Fundamentals of Computer Science I (CS151 2003F)

Files

Summary: When a Scheme program is designed to work with large volumes of data, it is often more convenient for the user to prepare its input in one or more separate files, using an appropriate tool (such as a text editor or a statistical package), than to type the data in as the program is running. The Scheme program itself finds the files containing the data and reads them, without user intervention.

Similarly, when a Scheme program generates a lot of output, it is often more convenient to have it store the output in one or more files, instead of displaying it in the window that the interactive interface is using. Other programs can recover the results from such files if further processing is needed.

Here we consider the techniques used to read data from files and to write data to files.

Contents:

Procedures Discussed:

(close-input-port port)
Close an open input port.
(close-output-port port)
Close an open output port.
(current-input-port)
Get the current input port, typically associated with the keyboard.
(current-output-port)
Get the current output port, typically associated with the screen.

Input Ports

To provide for the possibility of reading from files, each of Scheme's input procedures can be provided with an extra argument that specifies the input port through which the data will be read in. In theory, any kind of a device that supplies data on demand can be on the other side of the input port, and some implementations of Scheme provide several ways of creating them. However, we'll consider only the default input port, through which data typed at the keyboard are transmitted to a Scheme program interactively, and file input ports, through which Scheme programs read data stored in files.

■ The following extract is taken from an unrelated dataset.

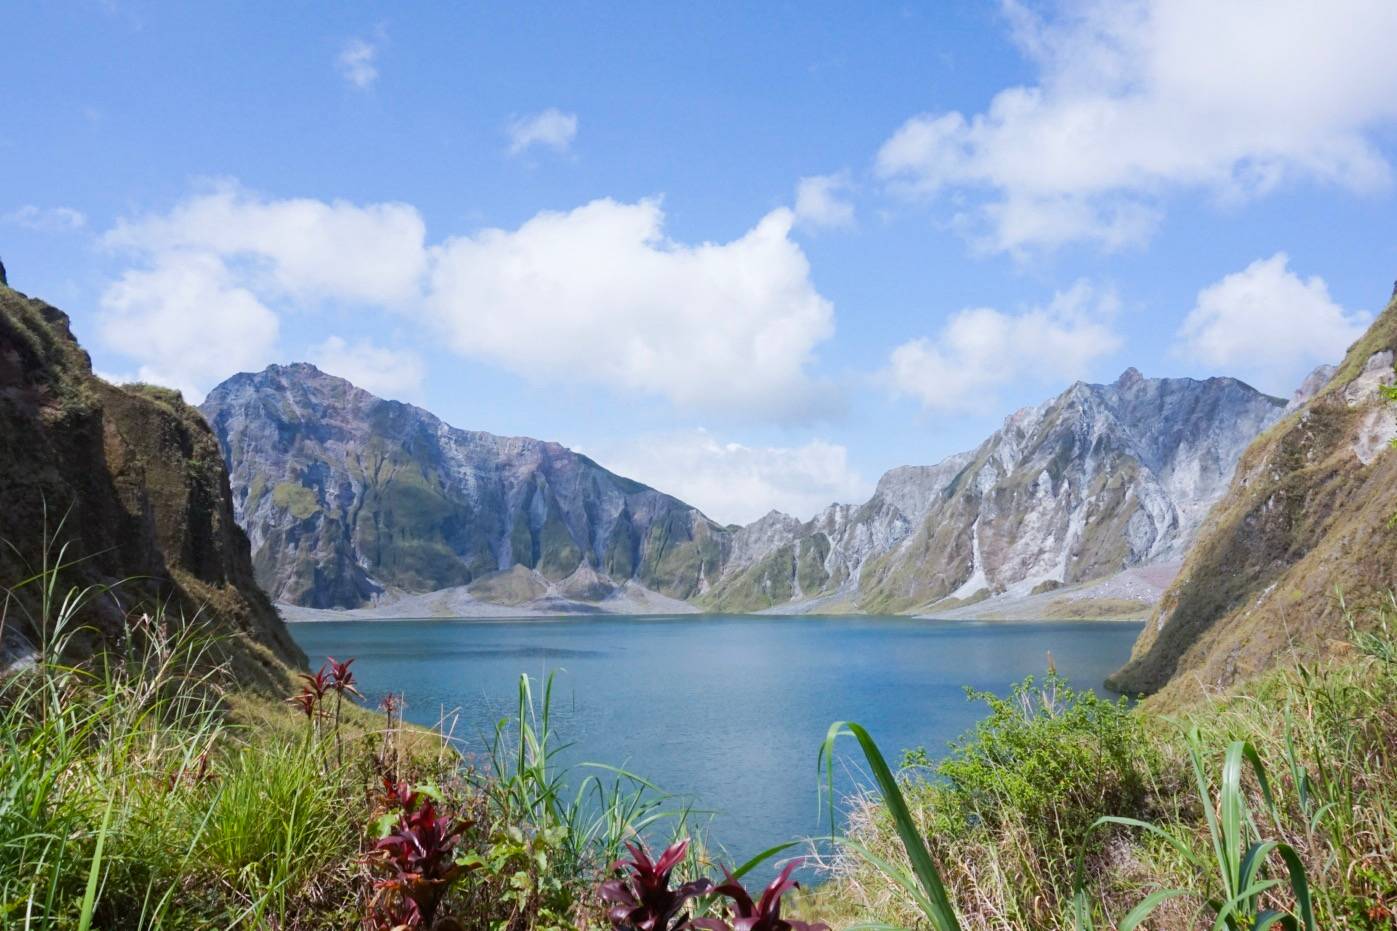 Mt. Pinatubo Trek: A lake within a crater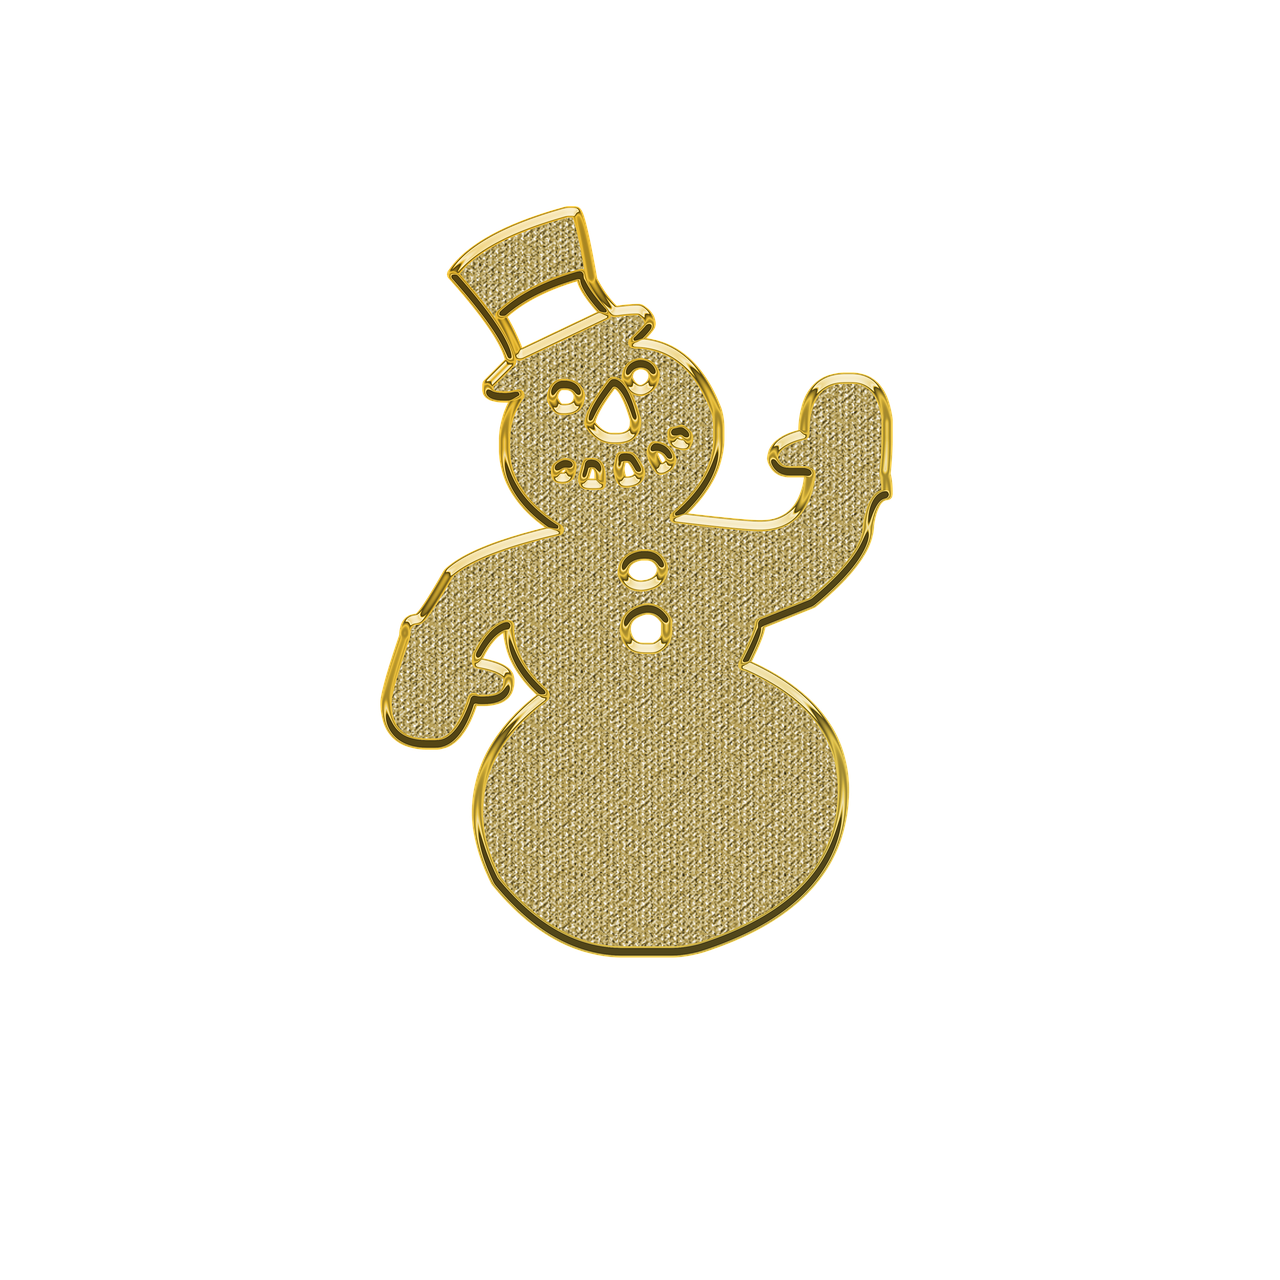 snowman new year's eve ornament free photo

When DrScheme or MzScheme starts up, it automatically creates the default input port and connects the keyboard to it. This is the input port on which the read procedure normally operates. When the user exits from Scheme, this port is closed as part of the cleanup process.

To read data from a file, however, the programmer must explicitly open an input port and connect that file to it. There is a built-in Scheme procedure to do this: open-input-file takes one argument, a string, and returns an input port to which the file named by the string is connected. For instance, the call

(open-input-file "/home/rebelsky/Web/Courses/CS151/2002F/Examples/hi.dat")

returns an input port to which the named file is connected.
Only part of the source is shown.